Number Theory and Euler phi-function

[pjc11]

Homework Statement

Let p be prime. Show that p ∤ n, where n is a positive integer, iff \phi(np) = (p-1)\phi(n).

Homework Equations

Theorem 1: If p is prime, then \phi(p) = p-1. Conversely, if p is a positive integer with \phi(p) = p-1, then p is prime.

Theorem 2: Let m and n be relatively prime positive numbers. Then \phi(mn) = \phi(m)\phi(n).

The Attempt at a Solution

Assume that p ∤ n.
By Theorem 2, \phi(np) = \phi(n)\phi(p).
By Theorem 1, \phi(np) = \phi(n)\cdot(p-1).
So, if p ∤ n, then \phi(np) = (p-1)\cdot\phi(n).

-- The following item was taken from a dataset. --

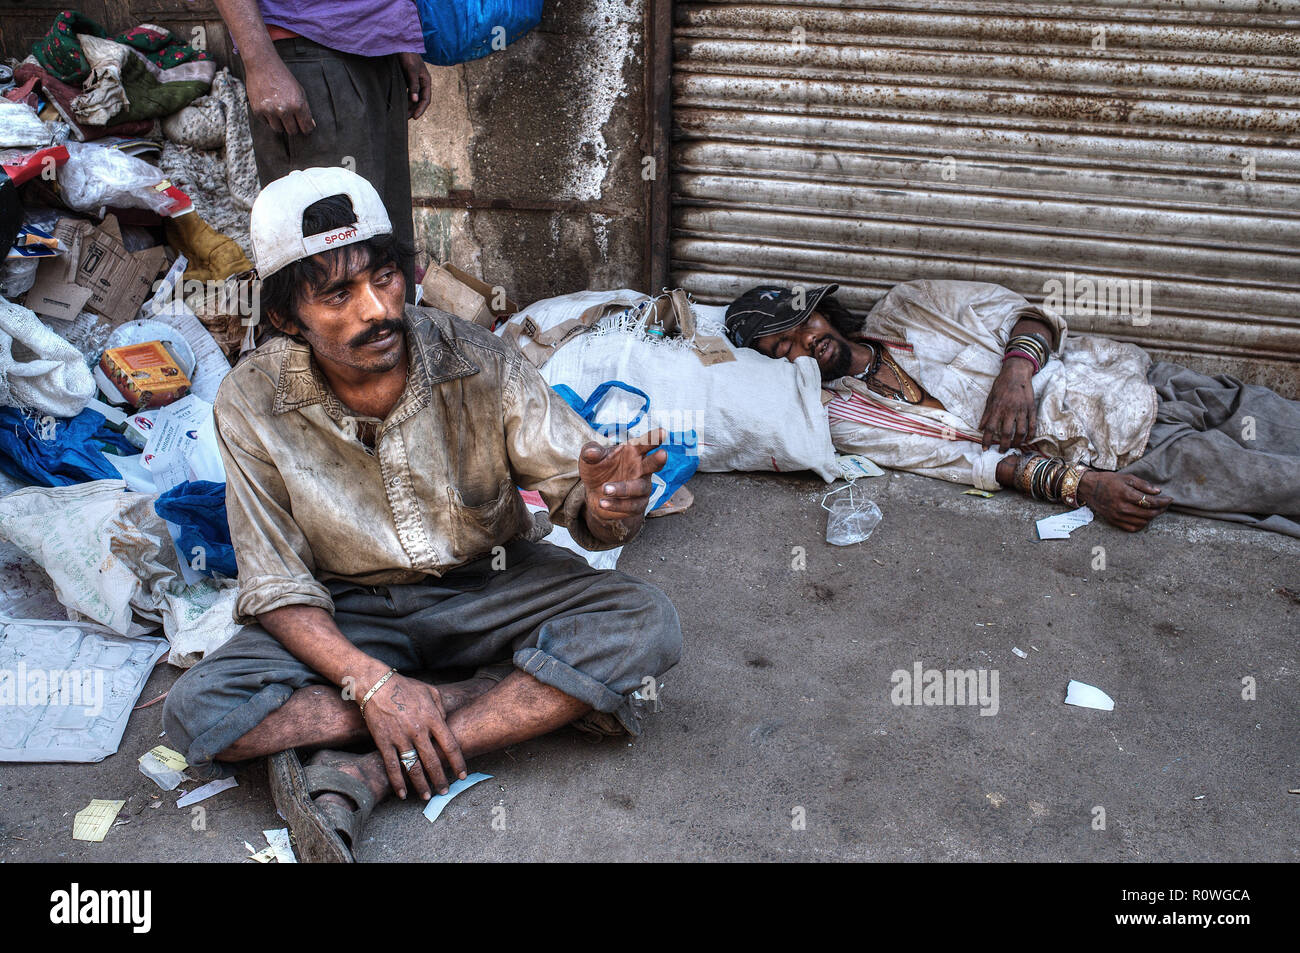 Tossicodipendenti in una corsia filth-sparged nella famigerata zona di Dongri di Mumbai, India, principalmente usando una versione economica di eroina chiamata 'zucchero di canna' Foto Stock
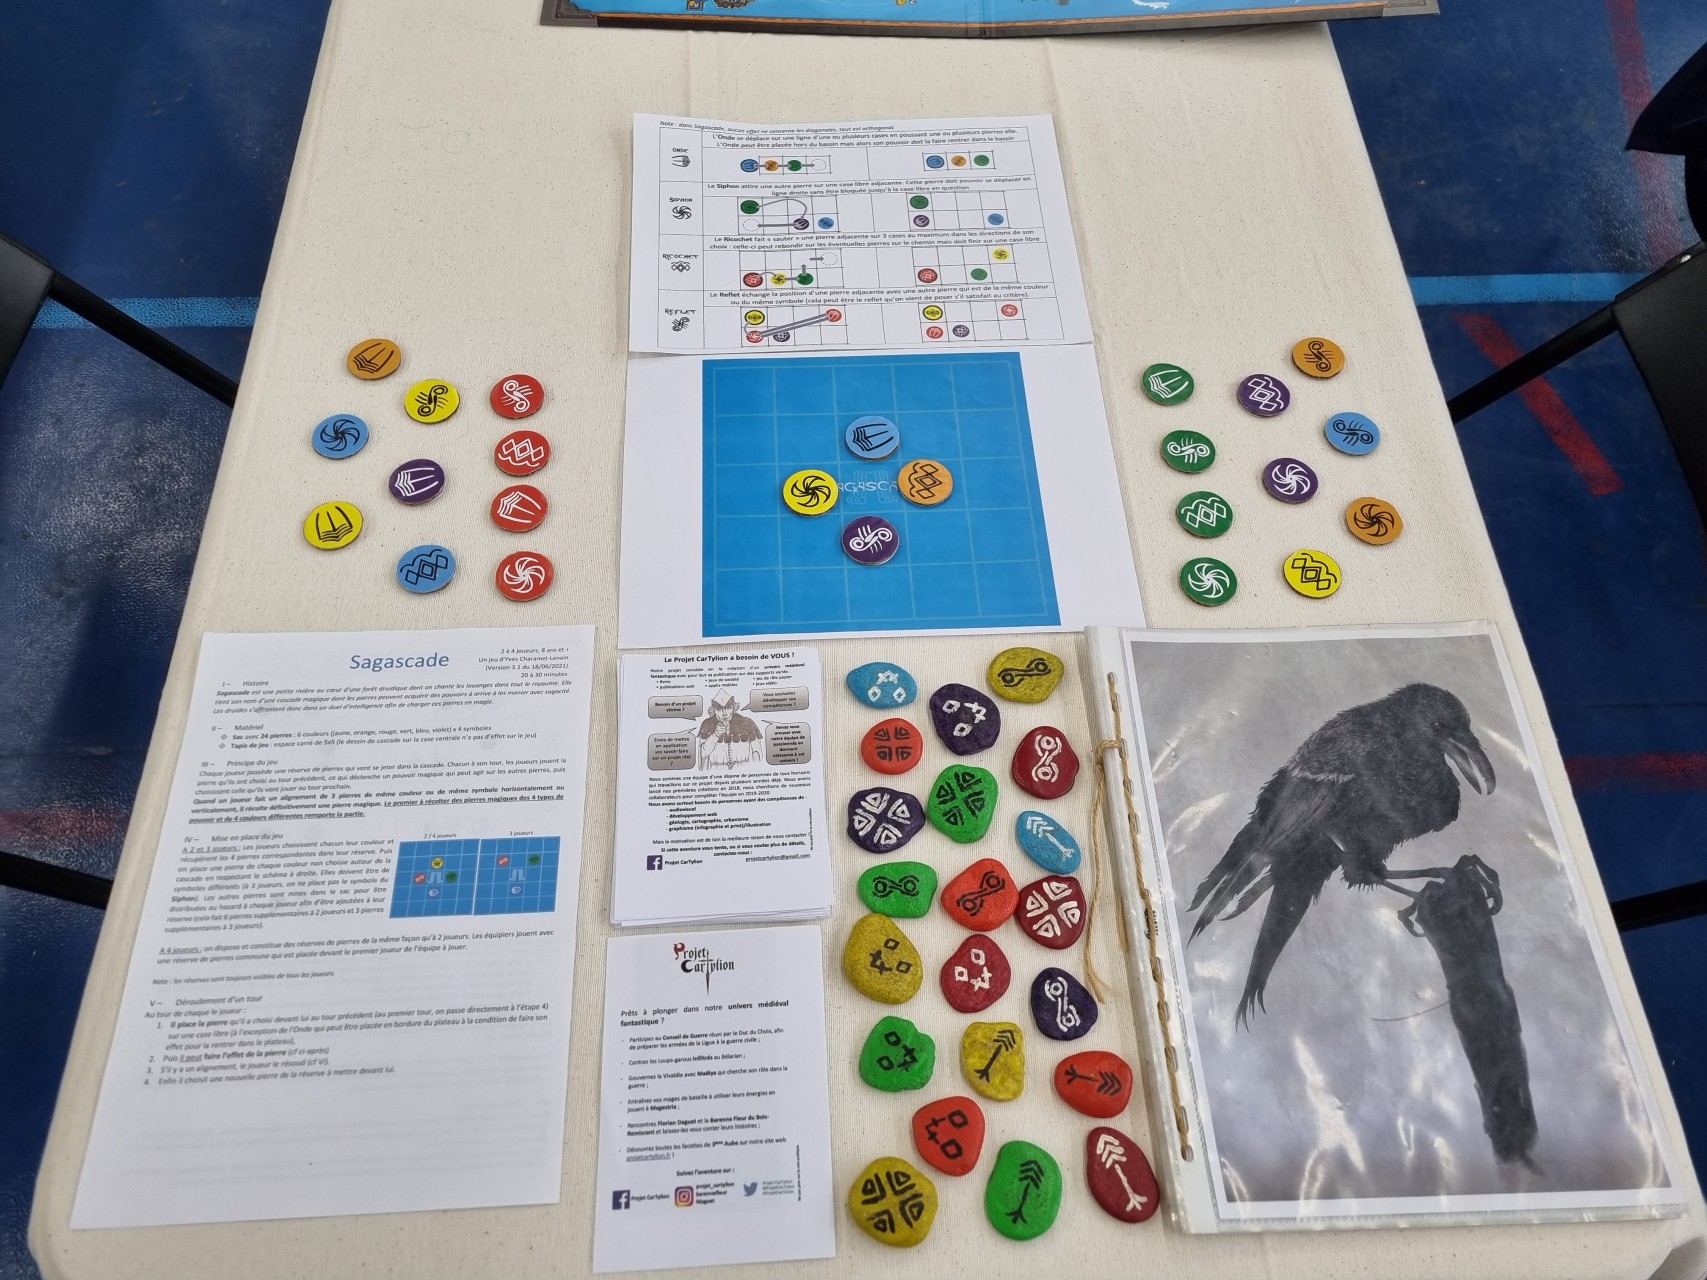 Table de jeu avec le jeu Sagascade présenté et des flyers du Projet CarTylion

Now, assume that \phi(np) = (p-1)\phi(n).
By Theorem 1, \phi(np) = \phi(p)\phi(n), since p is prime.

...and, that's it. I can't use Theorem 2 to show that n and p are relatively prime, so I'm not entirely sure what to do next. p is prime, so n ∤ p, but I don't see anything to base a conclusion of p ∤ n.

Any help would be greatly appreciated!

 

[Dick]

If a prime p doesn't divide n then aren't p and n relatively prime? A common divisor of p and n must divide p. Think about it.